Before winning the Palme d'Or for Titane, director Julia Ducournau made the cannibal/coming-of-age film, Raw, which is just as wonderfully intense and in-your-face as her 2021 film. Raw works so well because it feels sufficiently grounded and relatable, and works as a character drama, and then it introduces the whole... cannibal element to shake things up.

While it is confronting in parts, it's not only confronting, and it's definitely not the kind of movie that shocks for shock's sake. Raw's a film with important, very down-to-earth themes, and at the same time, it has some of the best and most shocking horror scenes of the 2010s. It truly is the best of both worlds.

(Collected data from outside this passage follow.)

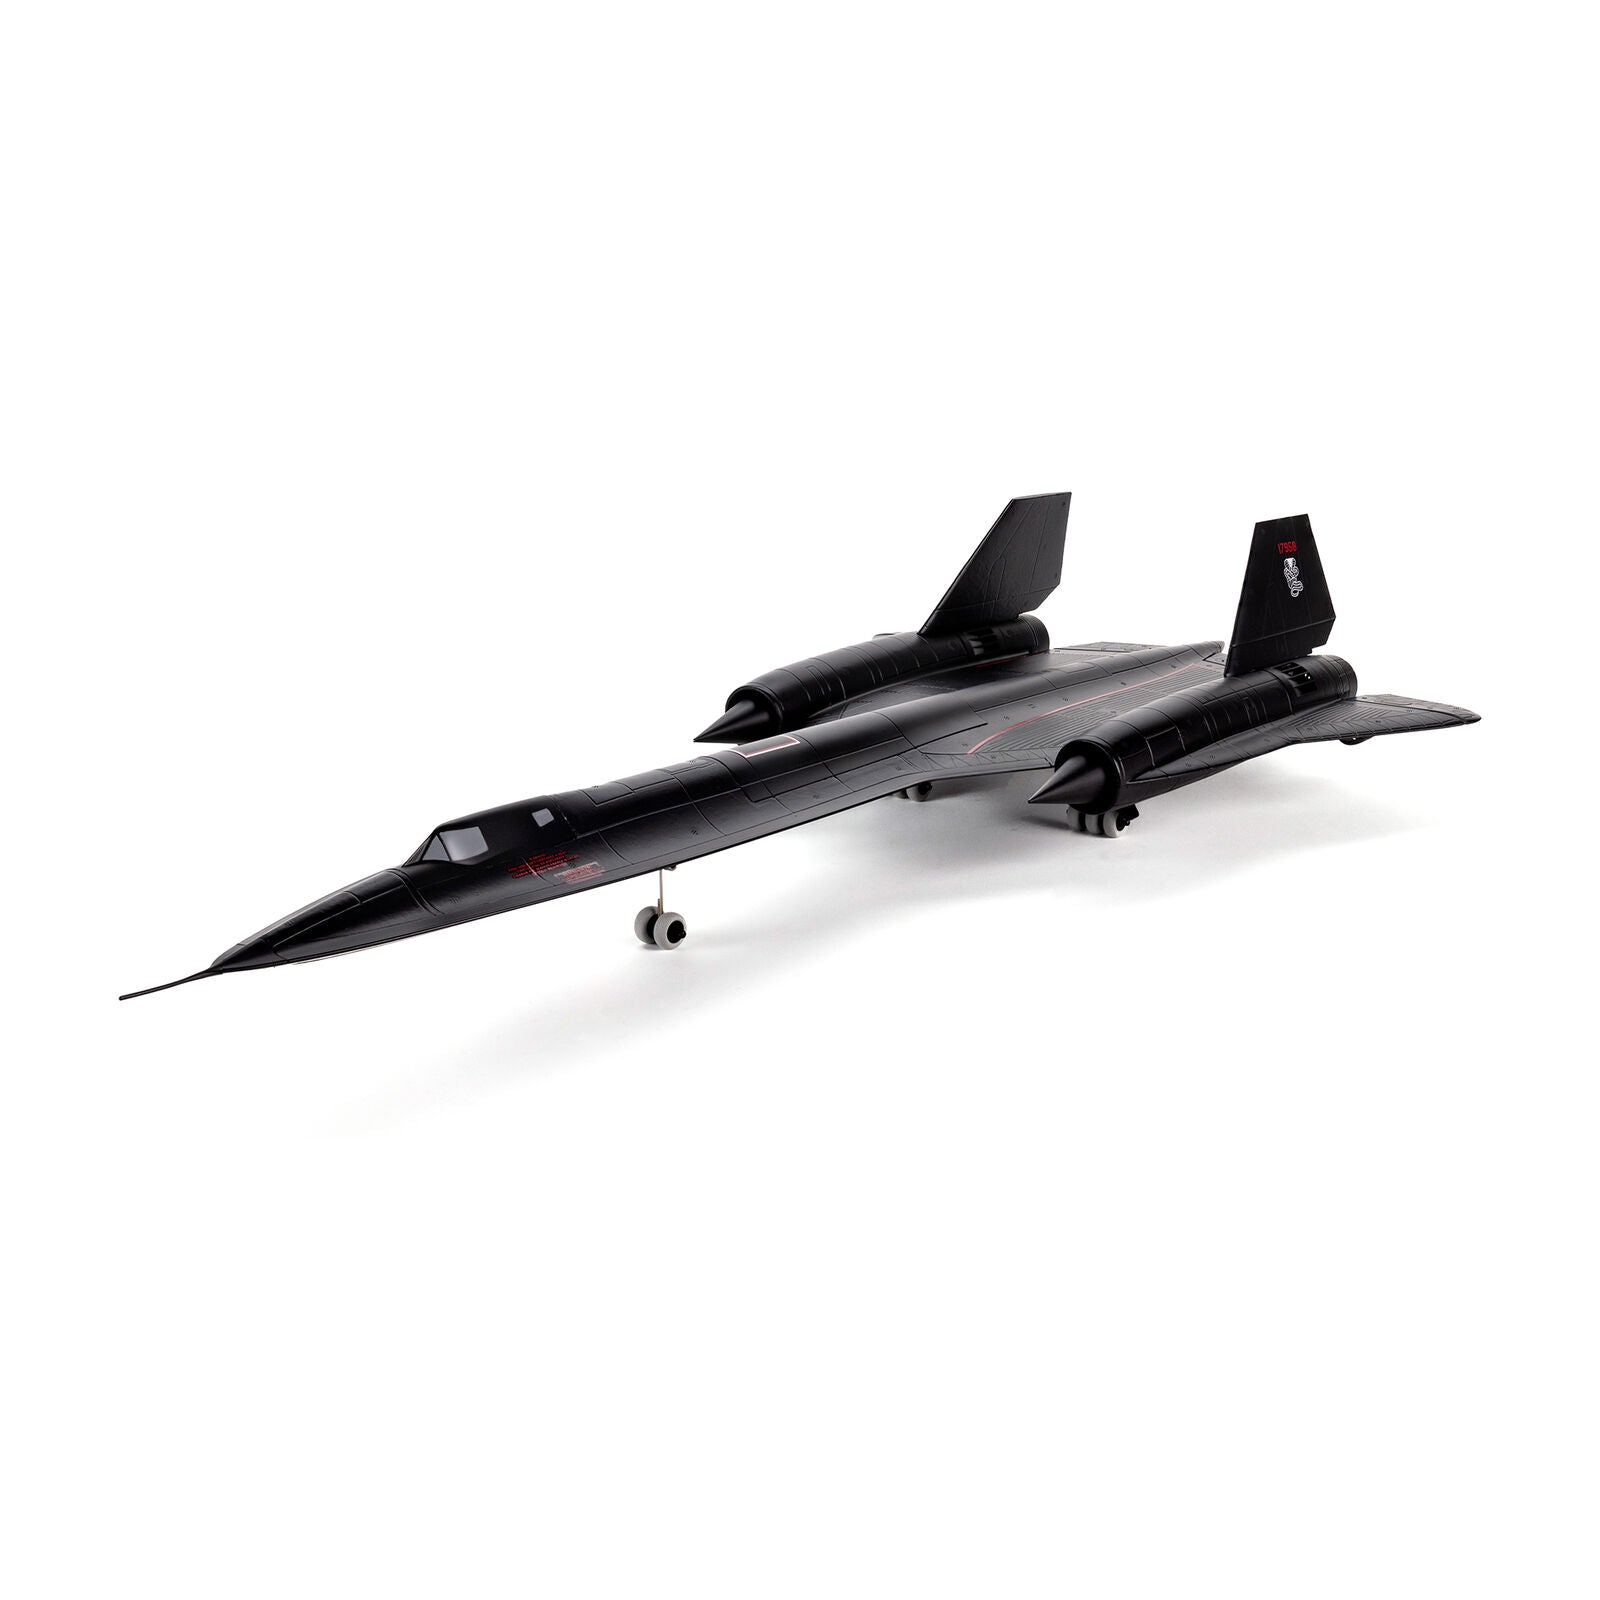 EFLITE EFL02050 SR-71 Blackbird Twin 40mm EDF BNF Basic with AS3X and SAFE Select
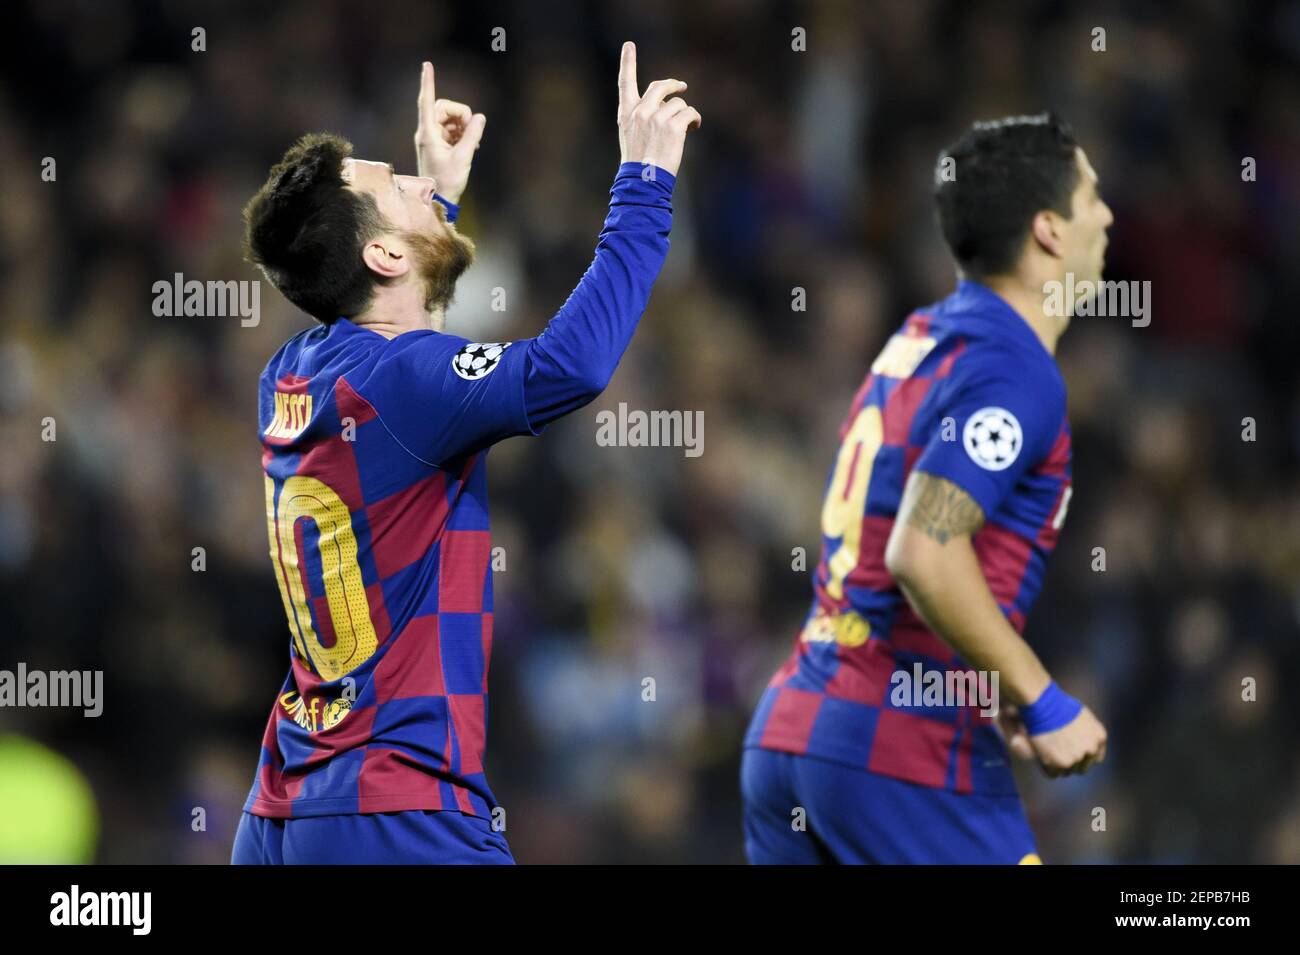 Lionel Messi of Barcelona celebrates scoring during the UEFA Champions League Group F match between FC Barcelona and Borussia Dortmund at Camp Nou Stadium in Barcelona, Spain on November 27, 2019 (Photo by Andrew Surma / SIPA USA) Stock Photo
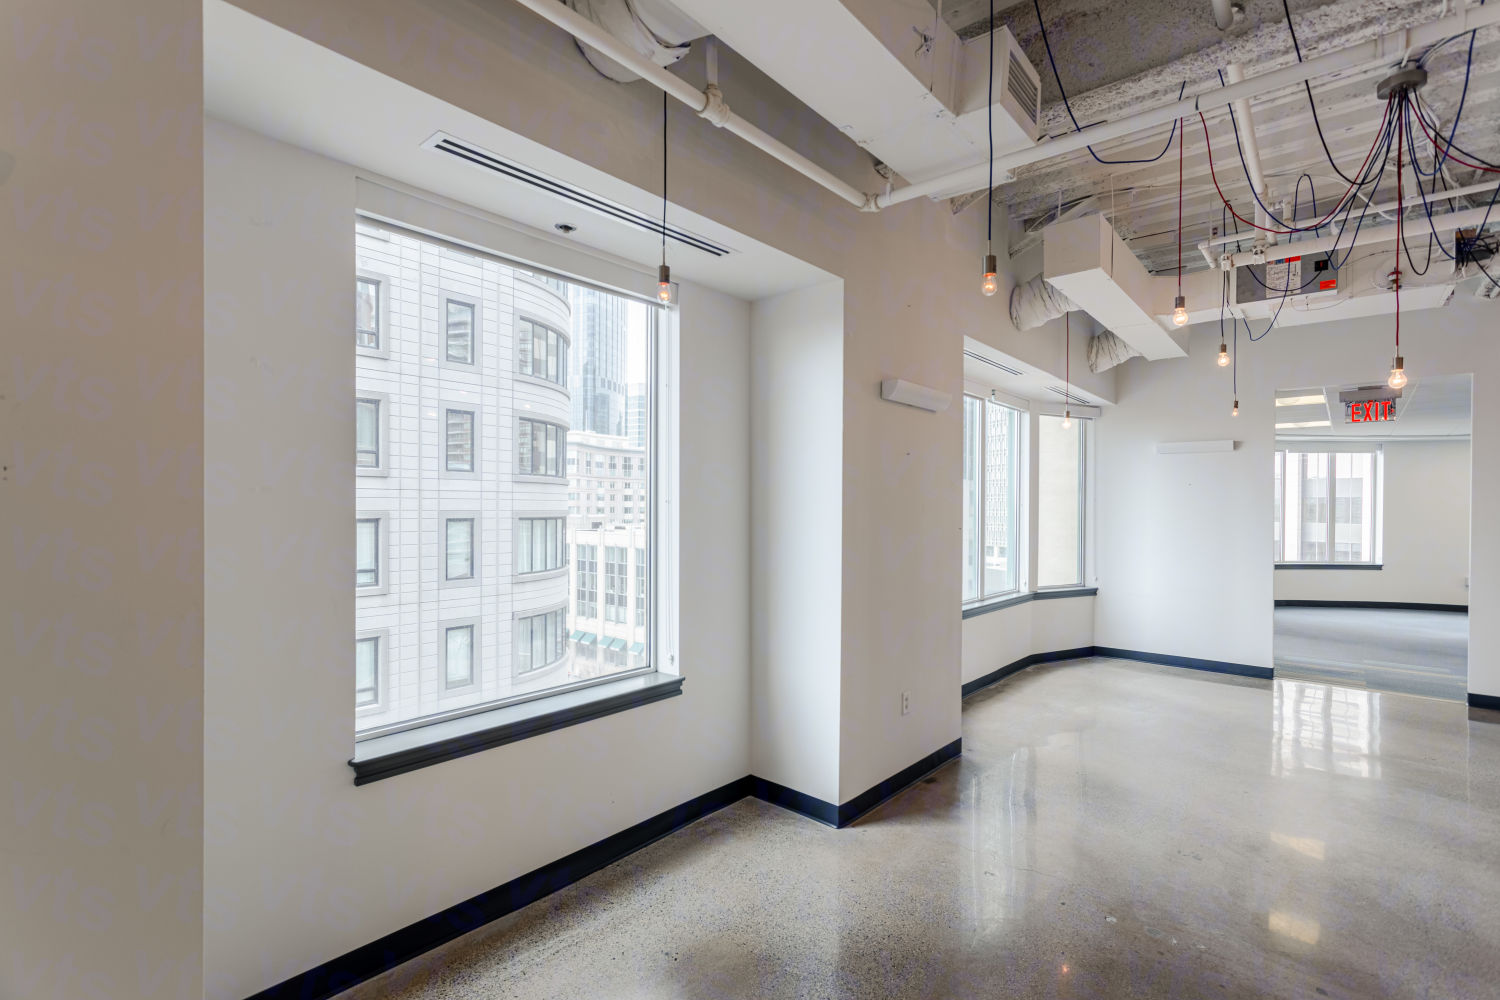 116 Huntington Avenue, Boston, MA Commercial Space for Rent

Eyes Without A Face (1960)

Eyes Without A Face

Perhaps not as shocking as many films that followed it decades later, but for 1960, the French horror film, Eyes Without A Face, is incredibly disturbing. Psycho might be widely considered the most shocking horror film of that year, but Psycho doesn't have a plot that involves facial transplants and genuinely sickening surgical procedures that still look real 60+ years later.

The moody black and white cinematography and sadness of its characters make it a tragic and bleak horror movie, too, evoking the classic Universal monster movies of the 1930s and 1940s. Many older horror movies can be appreciated as extreme for their time, but few hold up as extreme decades later the way Eyes Without A Face does.